Eddie ouvrit la bouche pour dire : D’accord, parlons un peu de cette Tour. Parlons-en une bonne fois pour toutes — qu’est-ce que c’est, qu’est-ce que ça veut dire et, surtout, qu’est-ce qui va nous arriver quand on y parviendra ? Mais aucun mot ne sortit de sa bouche et il la referma au bout de quelques instants. Le moment était mal choisi — Roland souffrait beaucoup trop. Et seule l’étincelle ténue de leur feu tenait la nuit à distance.
— Nous arrivons à présent à l’autre problème, dit Roland avec lassitude. J’ai enfin trouvé ma route — après toutes ces années, j’ai enfin trouvé ma route —, mais il semble également que je sois en train de perdre la raison. Je la sens s’effriter sous mes pieds, comme un quai de béton rongé par l’eau de pluie. C’est le châtiment qui m’est infligé parce que j’ai laissé mourir un garçon qui n’a jamais existé. Et c’est aussi le ka.
— Qui est ce garçon, Roland ? demanda Susannah.
Roland se tourna vers Eddie.
— Ne le sais-tu pas, toi ?
Eddie secoua la tête.
— Mais j’ai parlé de lui, reprit Roland. Il hantait mes délires lorsque l’infection m’a conduit aux portes de la mort. (La voix du Pistolero monta soudain d’une octave et son imitation d’Eddie était si bonne que Susannah se sentit envahie par une vague de terreur superstitieuse.) « Si tu n’arrêtes pas de me casser les oreilles avec ce foutu gamin, Roland, je vais te bâillonner avec ta chemise ! J’en ai marre d’entendre parler de ce gosse ! » Tu ne te rappelles pas avoir dit ça, Eddie ?
Eddie réfléchit durant quelques instants.
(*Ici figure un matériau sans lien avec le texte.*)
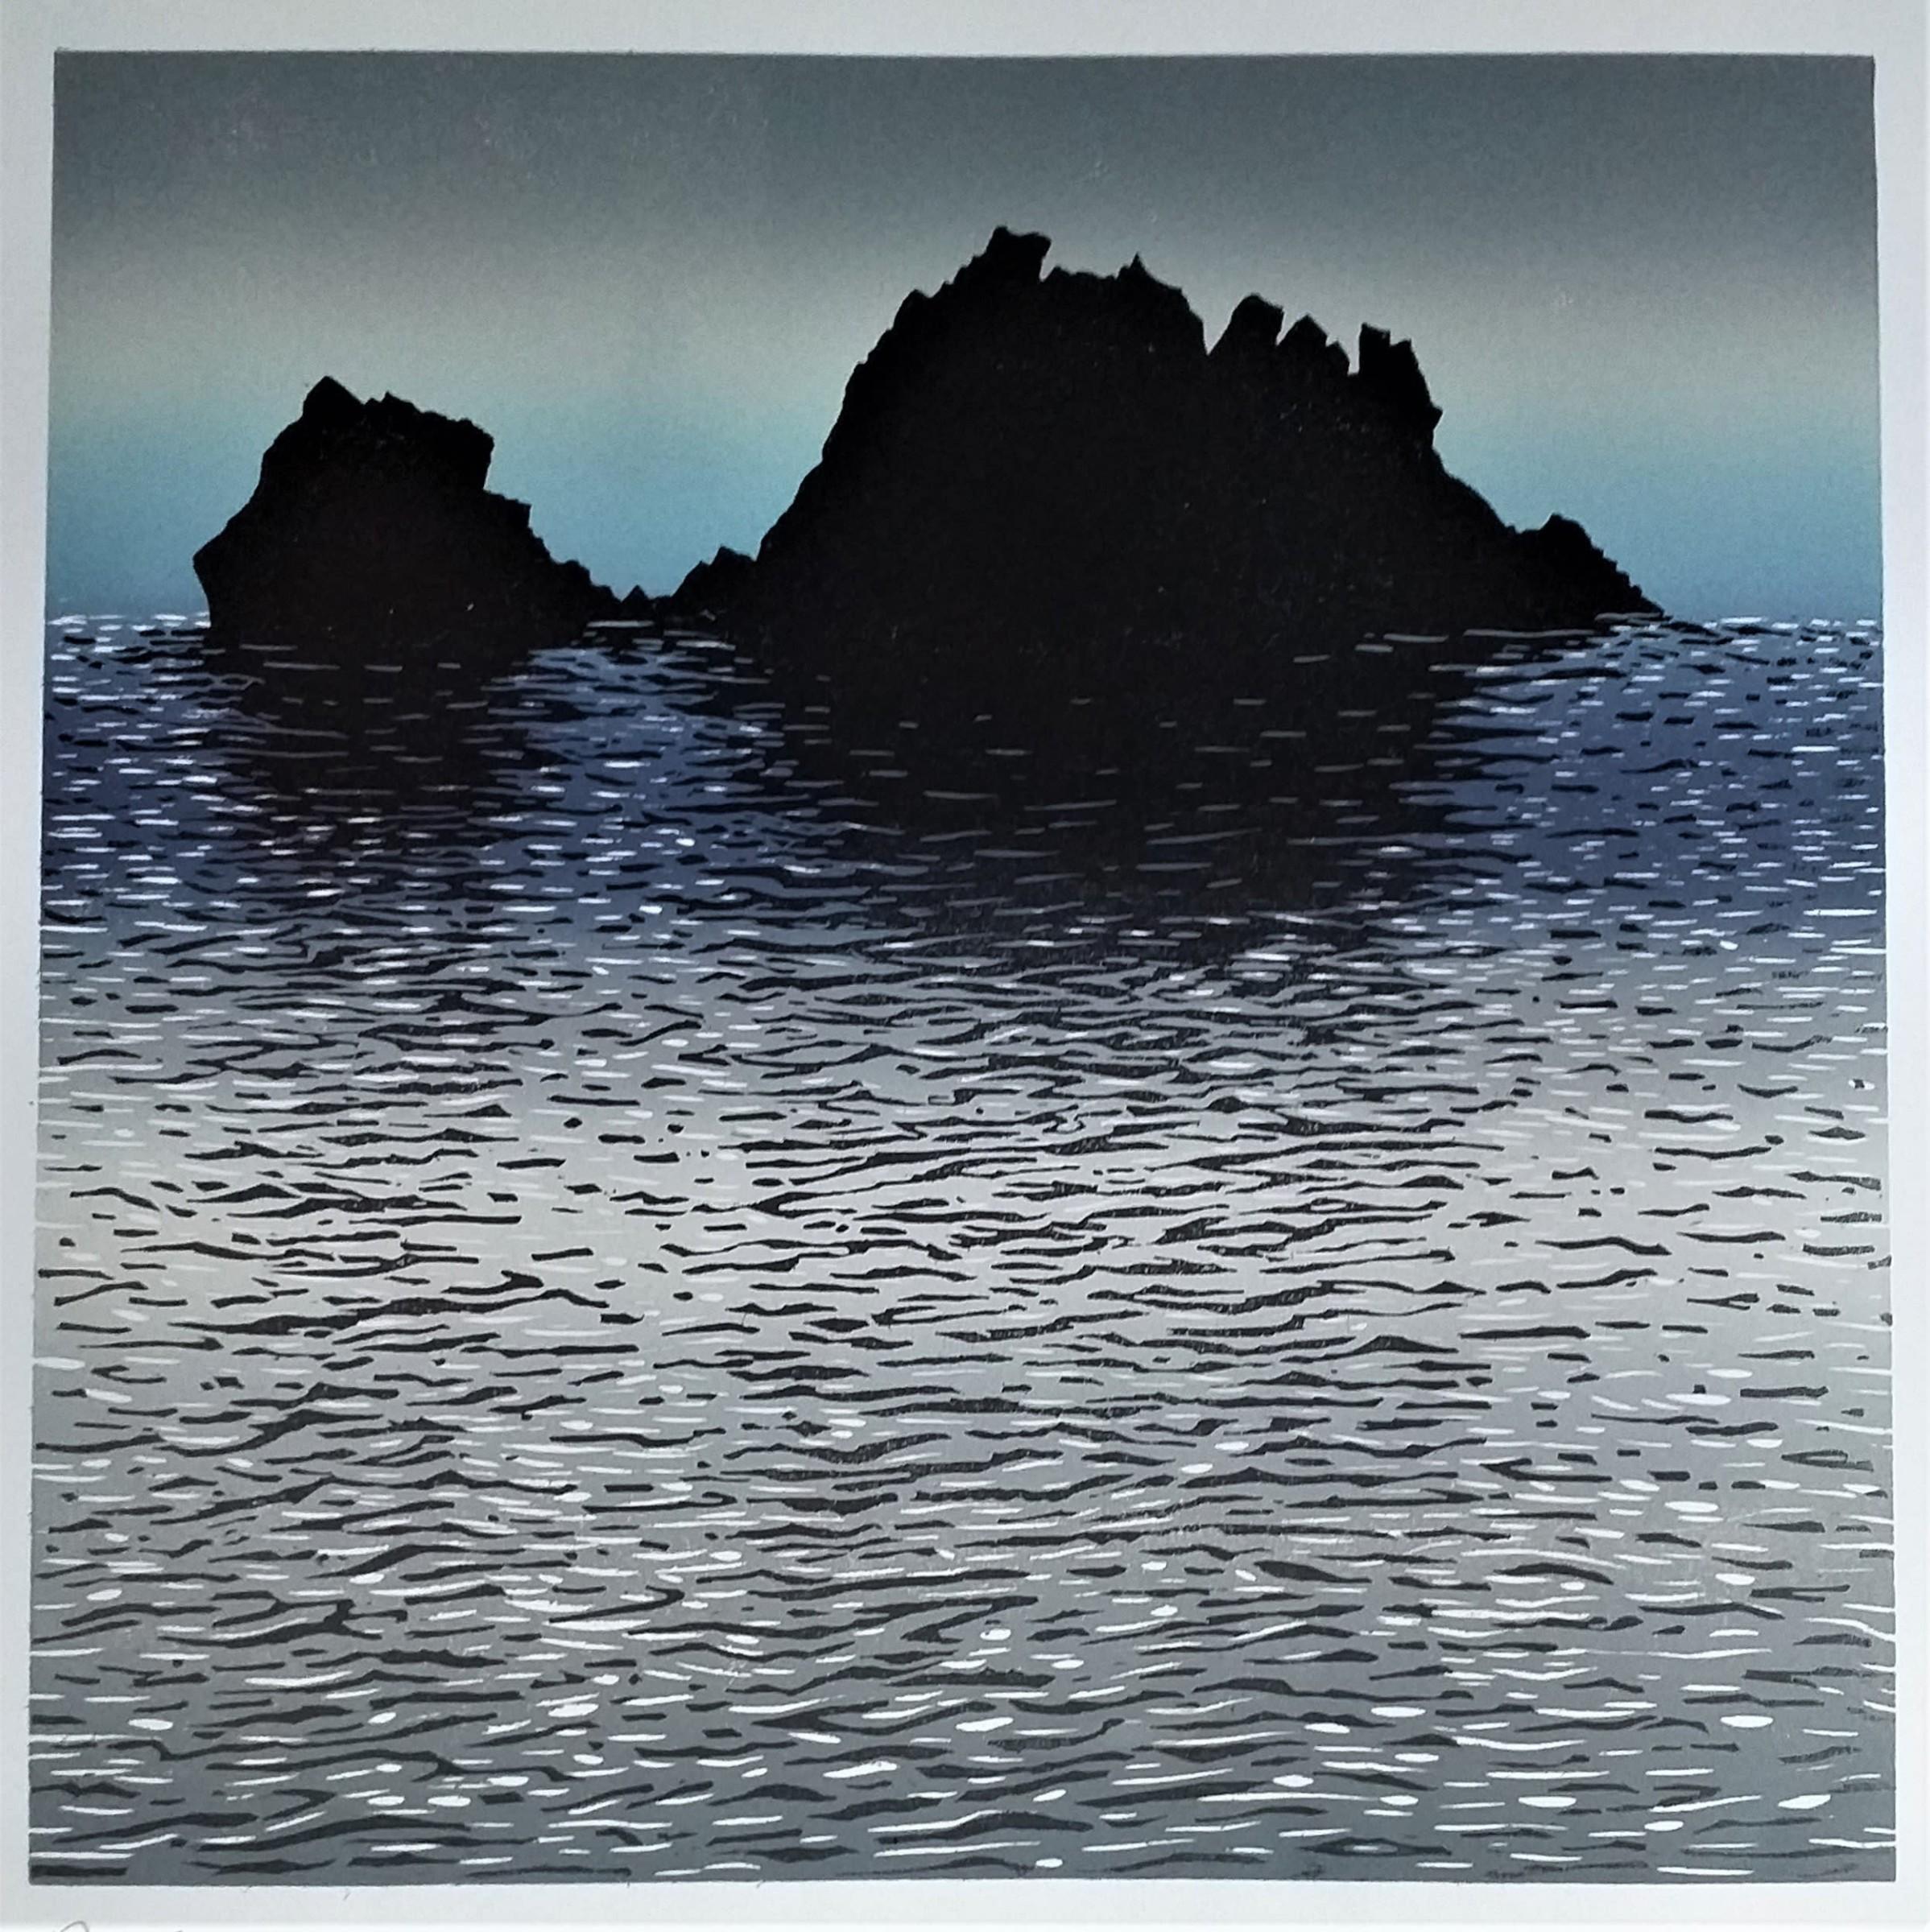 "<span class=""link fancybox-details-link""><a href=""/exhibitions/22/works/artworks_standalone11078/"">View Detail Page</a></span><div class=""artist""><span class=""artist""><strong>Merlyn Chesterman RE</strong></span></div><div class=""title""><em>Sea Slight</em></div><div class=""medium"">woodcut</div><div class=""dimensions"">68 x 63 cm framed<br>42 x 42 cm image size</div><div class=""edition_details"">edition of 50</div>"

Roland avait parlé d’un millier de choses lorsqu’ils avaient erré sur la plage entre la porte où était écrit LE PRISONNIER et celle où était écrit LA DAME D’OMBRES, et il avait apparemment mentionné un millier de noms lors de son délire — Alain, Cort, Jamie de Curry, Cuthbert (celui-ci revenant plus fréquemment que les autres), Hax, Martin (ou Marten, comme l’oiseau), Walter, Susan, même un type au patronyme improbable de Zoltan. Eddie avait fini par se lasser d’entendre parler de tous ces gens qu’il n’avait jamais rencontrés (et qu’il n’avait aucune envie de connaître), mais il avait ses propres problèmes à ce moment-là, bien sûr, parmi lesquels le manque d’héroïne et un décalage horaire d’amplitude cosmique. Et, en toute honnêteté, il pensait que Roland s’était également lassé d’entendre les Contes de Fées déglingués qu’il lui racontait — la très édifiante histoire de son frère Henry auprès duquel il avait connu les plaisirs de l’adolescence et ceux de la drogue.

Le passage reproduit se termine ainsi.